TASK BRIEF:
Write out exactly, excluding pictures, the lines from the one containing "Raro esquilo albino" through the end of the data, both included.

AVAILABLE DATA:
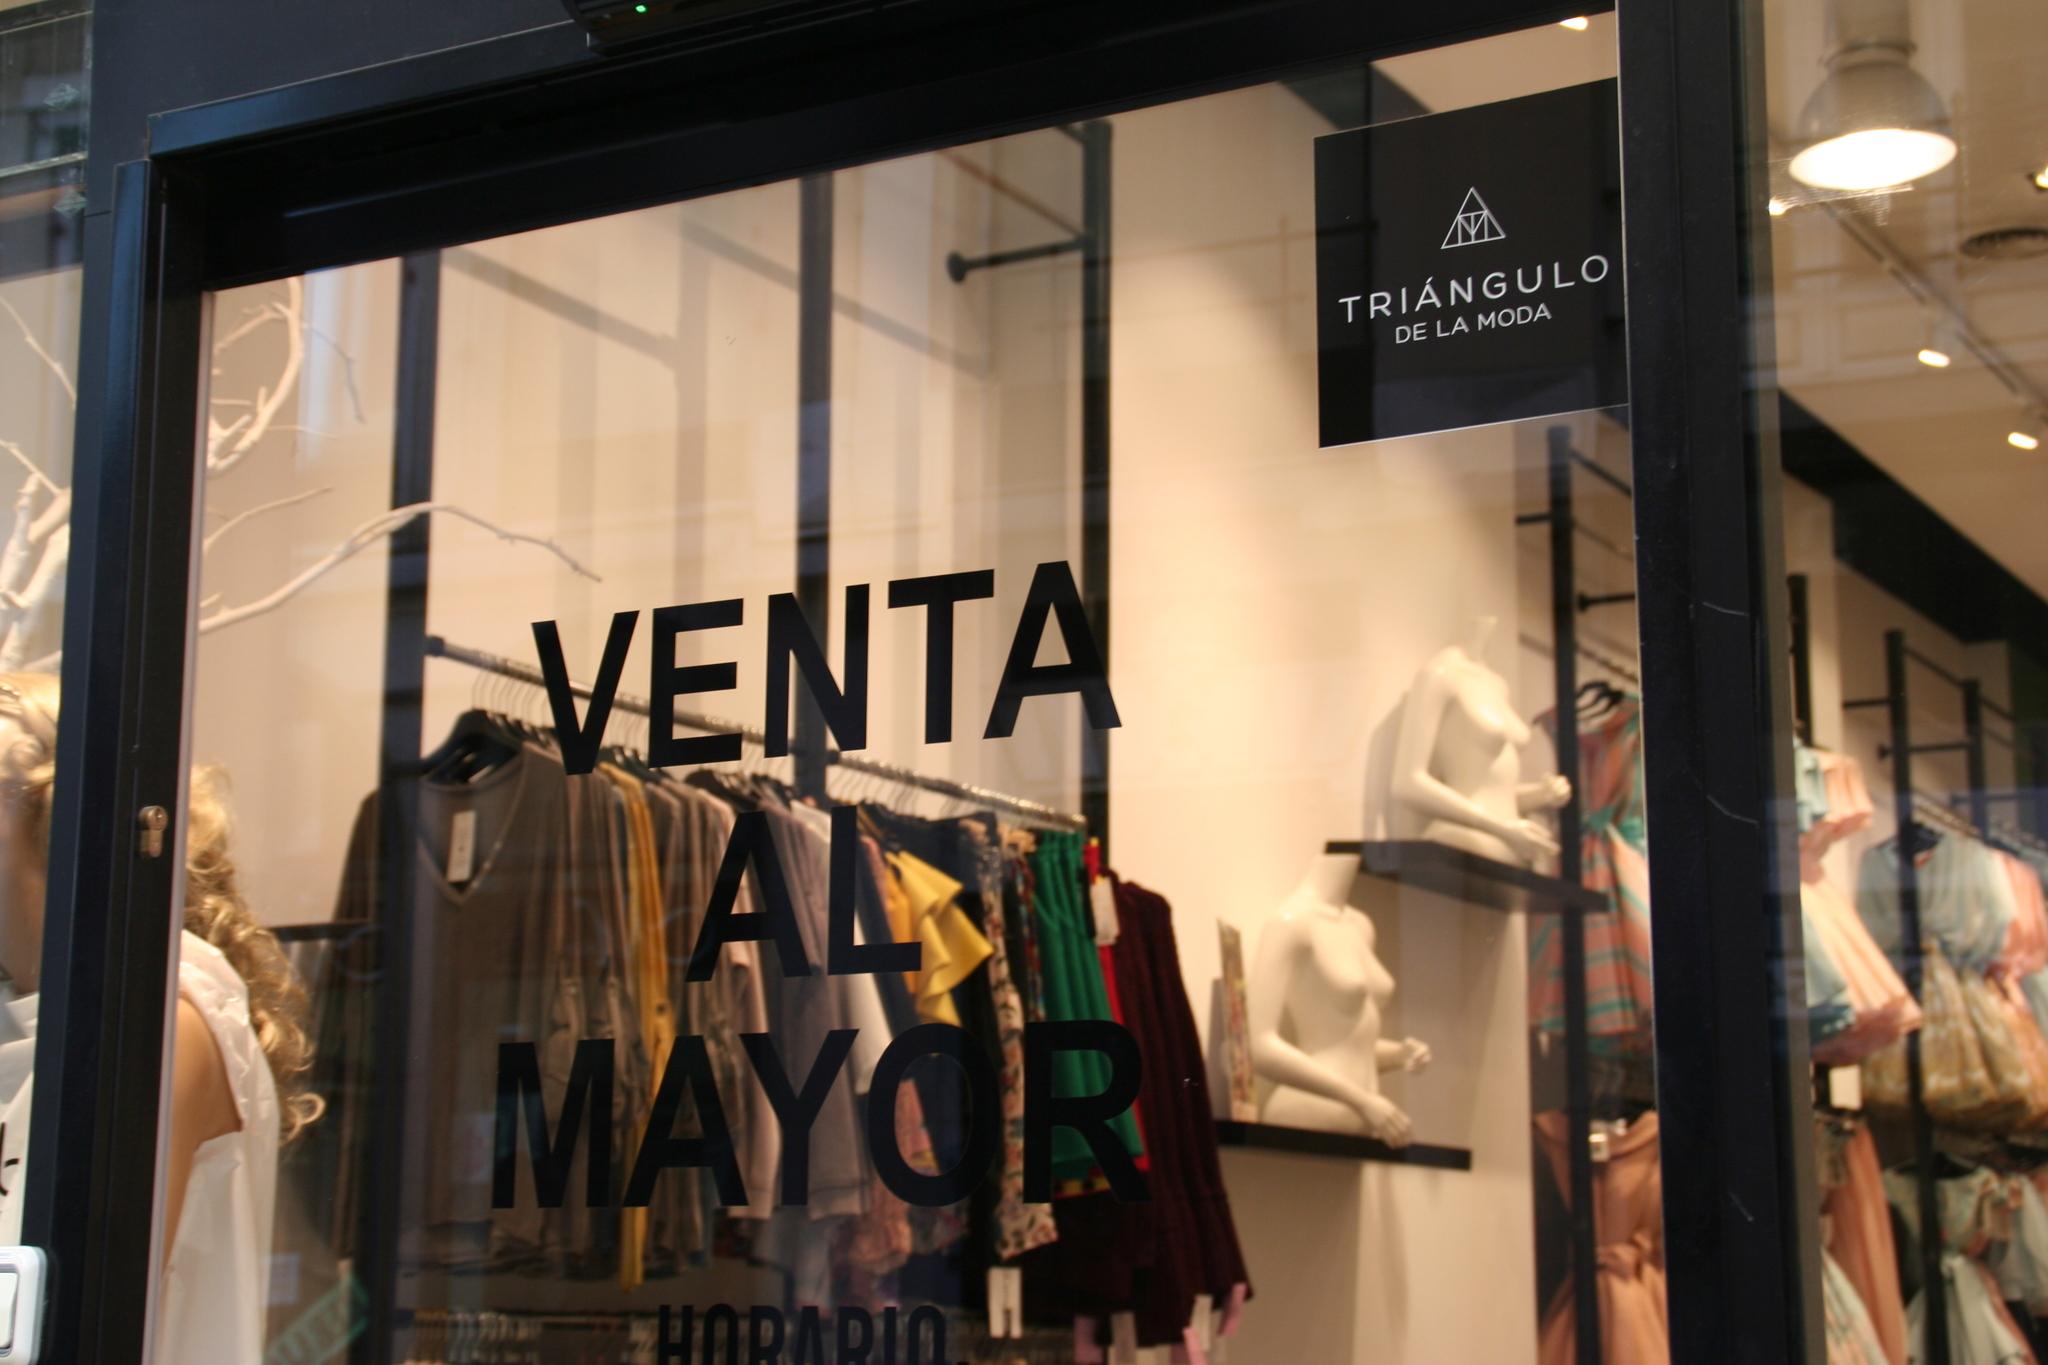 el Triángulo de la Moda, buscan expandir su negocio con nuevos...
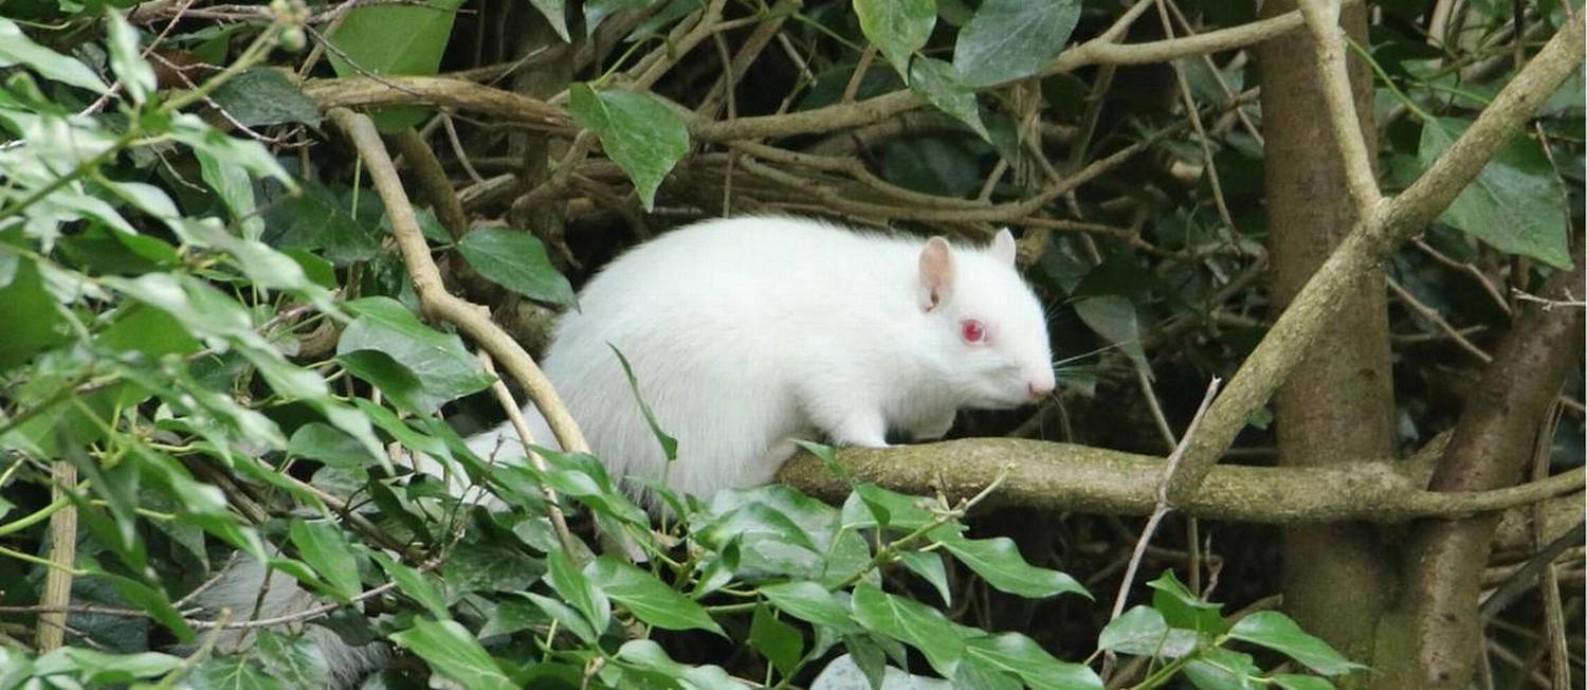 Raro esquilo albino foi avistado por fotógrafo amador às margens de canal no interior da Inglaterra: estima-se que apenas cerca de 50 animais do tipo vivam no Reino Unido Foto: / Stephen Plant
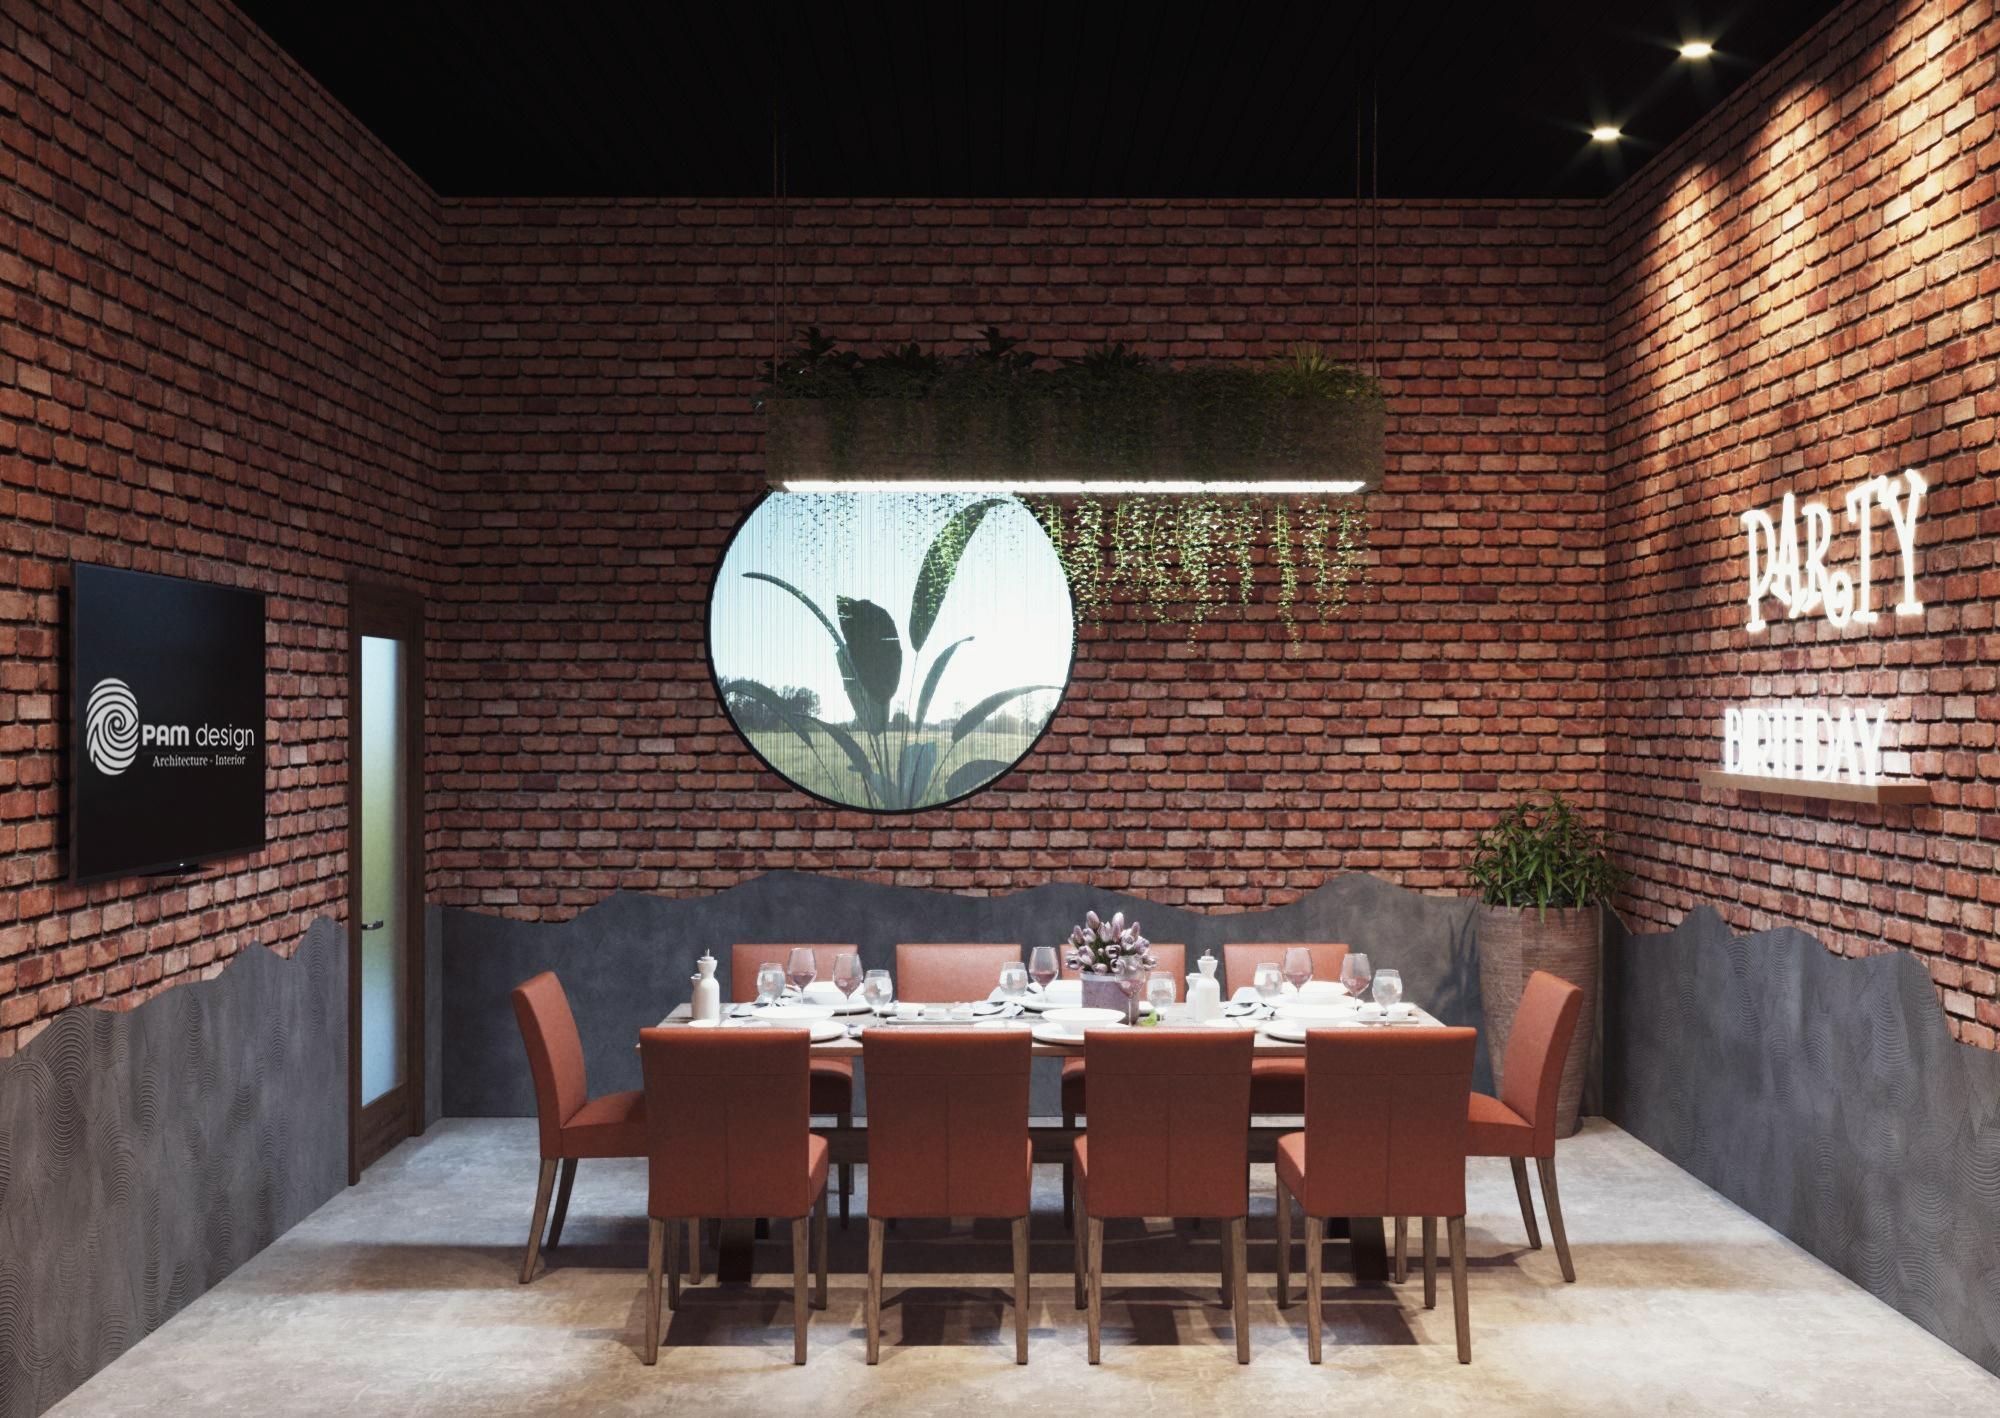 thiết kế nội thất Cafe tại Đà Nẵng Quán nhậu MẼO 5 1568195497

ANSWER SPACE:
 Raro esquilo albino foi avistado por fotógrafo amador às margens de canal no interior da Inglaterra: estima-se que apenas cerca de 50 animais do tipo vivam no Reino Unido Foto: / Stephen Plant
 thiết kế nội thất Cafe tại Đà Nẵng Quán nhậu MẼO 5 1568195497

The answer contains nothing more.